When we think about the requirements of the real time data processing and storage for the use cases such as order processing, stocks, connected car etc. we might have to be very careful in taking such decision not only from the capability perspective but costing perspective as well. Below is a sample design for a design for a high end real time data processing with data ingestion, ETL/ELT with available open source technologies. External data ingestion and pre-processing techniques which needs to perform following actions:
- Real time stream processing with various tools.
- Data pre-processing and filtering out the raw data to business level data.
- Storage in Bronze, Silver and Gold storage.
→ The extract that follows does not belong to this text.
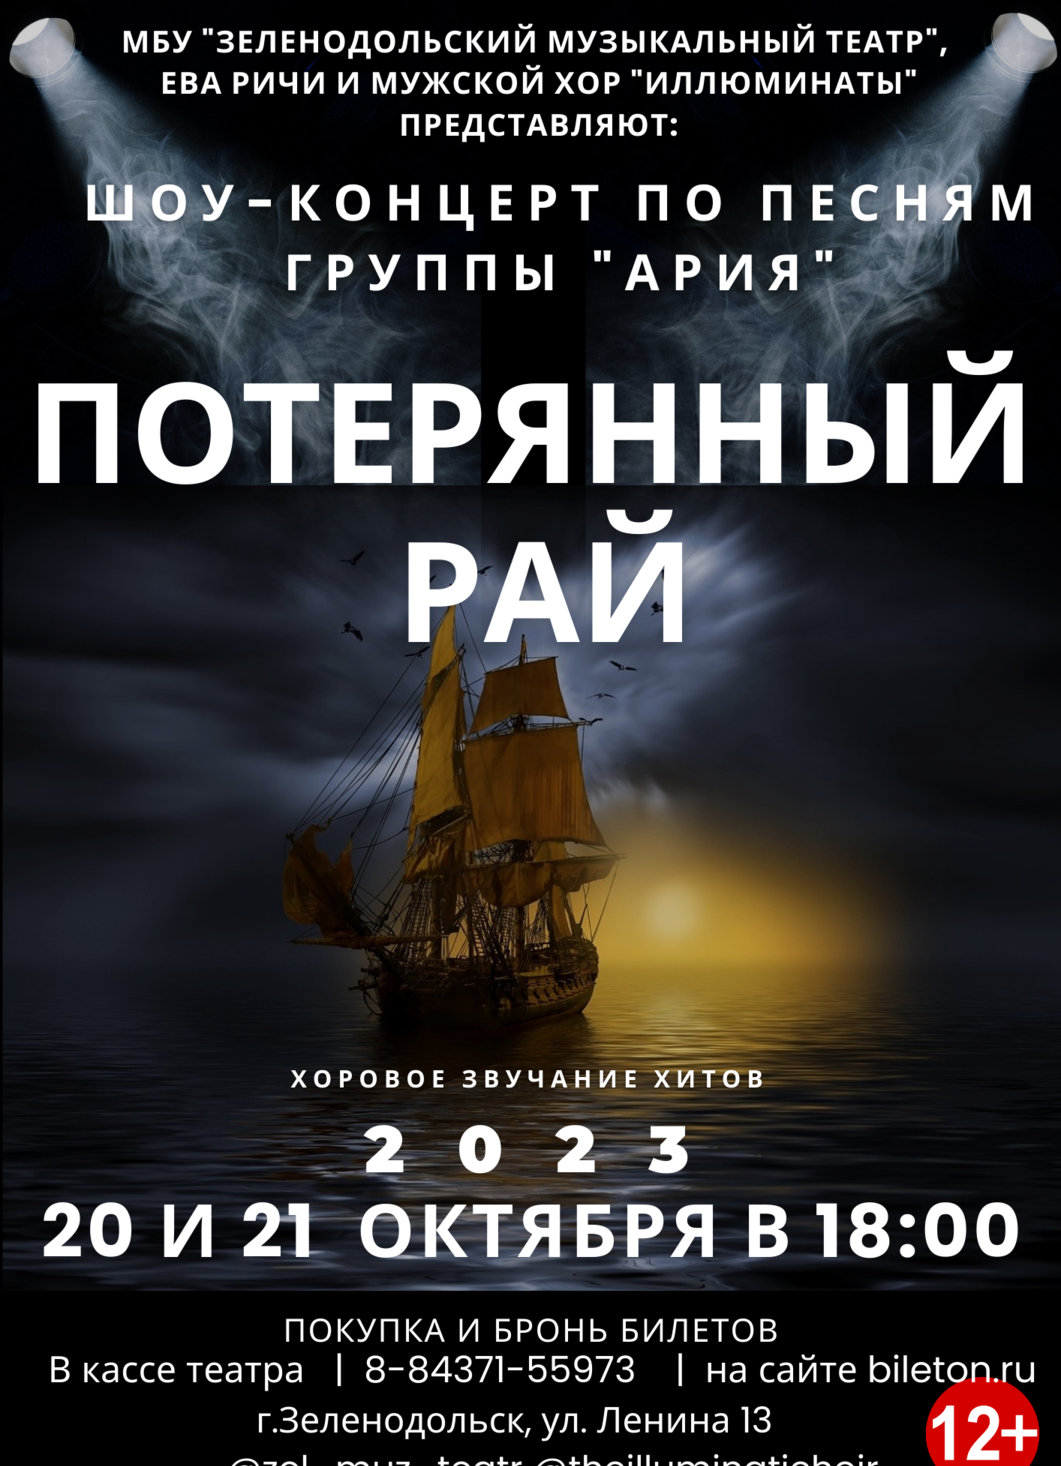 Шоу-концерт "Потерянный рай" по песням группы "АРИЯ" 20 и 21 октября в 18:00
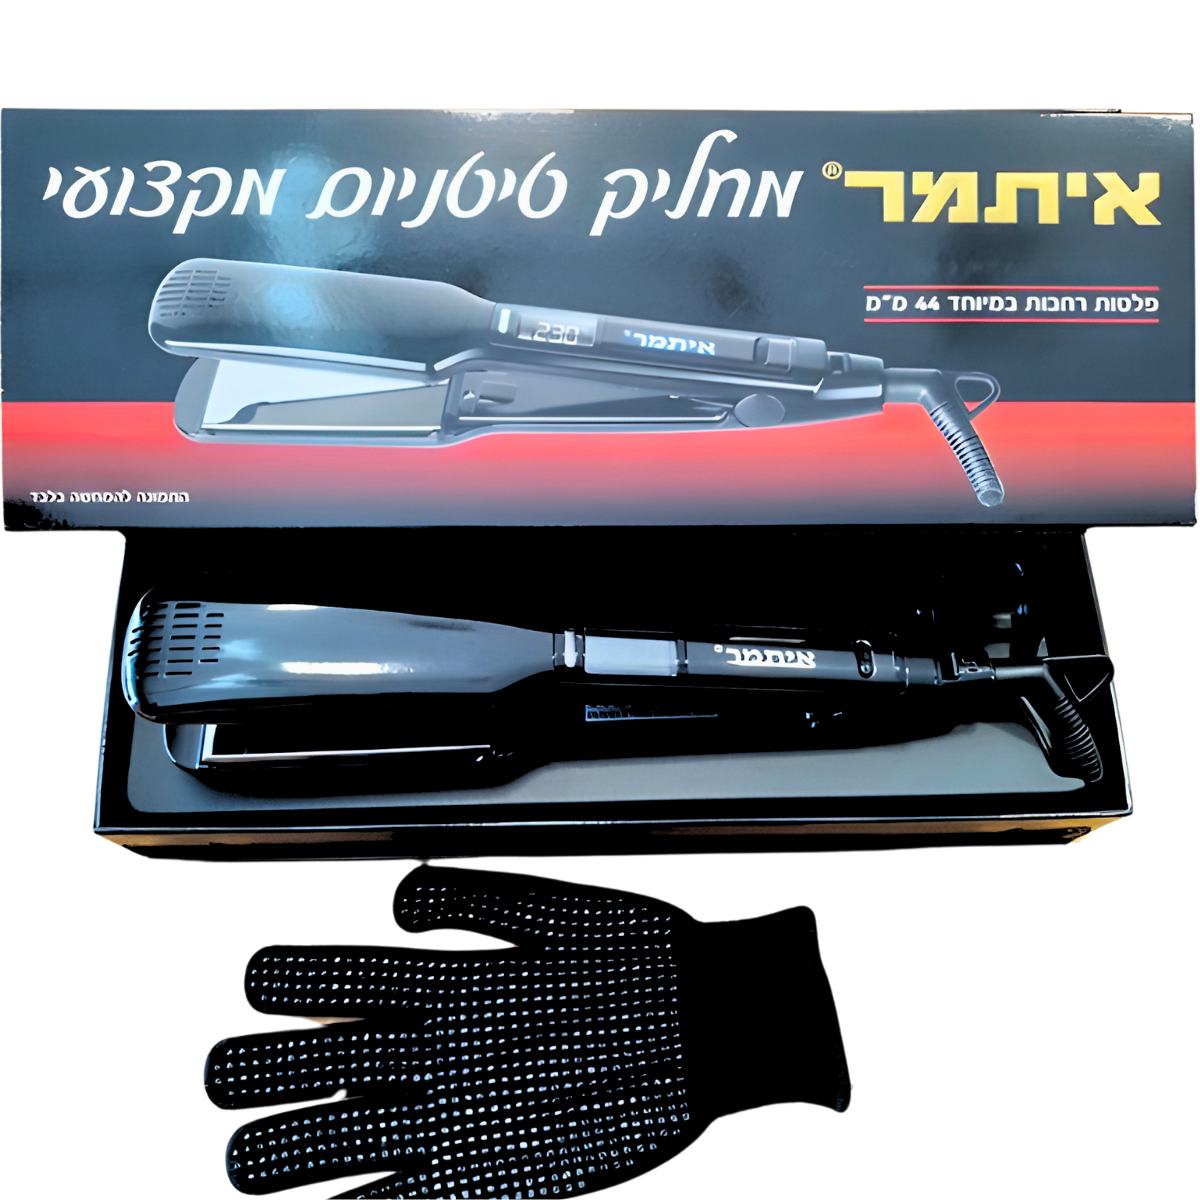 מחליק טיטניום מקצועי ITAMAR ITA 760 בנרתיק יוקרתי + כפפה עמידה בחום + מסכה מתנה איתמר

Below is the sample design with available tools and techniques:

Data Ingestion & Data Pre-Processing Pipeline
The data pipeline design will be responsible for data processing and mapping various datasets for platform which is explained earlier to this.
Batch of Unprocessed Data
The raw data received from the external sources will be ingested to the data pipeline for further processing and mapping.
Batches of Processed Data
Once the real time data received in high volume and processed via the data pipeline this will be output as the batches of processed data and further will be stored to respective databases.
Batches of Processed Data
Once the real time data received in high volume and processed via the data pipeline this will be output as the batches of processed data and further will be stored to respective databases (Bronze, Silver and Gold)
BRONZE – Database
The database will be responsible to store the raw data ingestion and historical dataset collections. This may include critical information which needs to be further processed for anonymization, masking and other data security metrices as per the data privacy policy decided by the government.
SILVER – Database
The database will be responsible for storing the filtered, cleaned and augmented datasets which was received from the external partners to further process the data for the platform.
GOLD – Database
The database will be responsible most useful business level aggregates datasets to further utilized by the platform for various layers.
The design is based on open source available tools like Apache Kafka, Apache Spark Streaming, Apache Kudu and Apache Impala.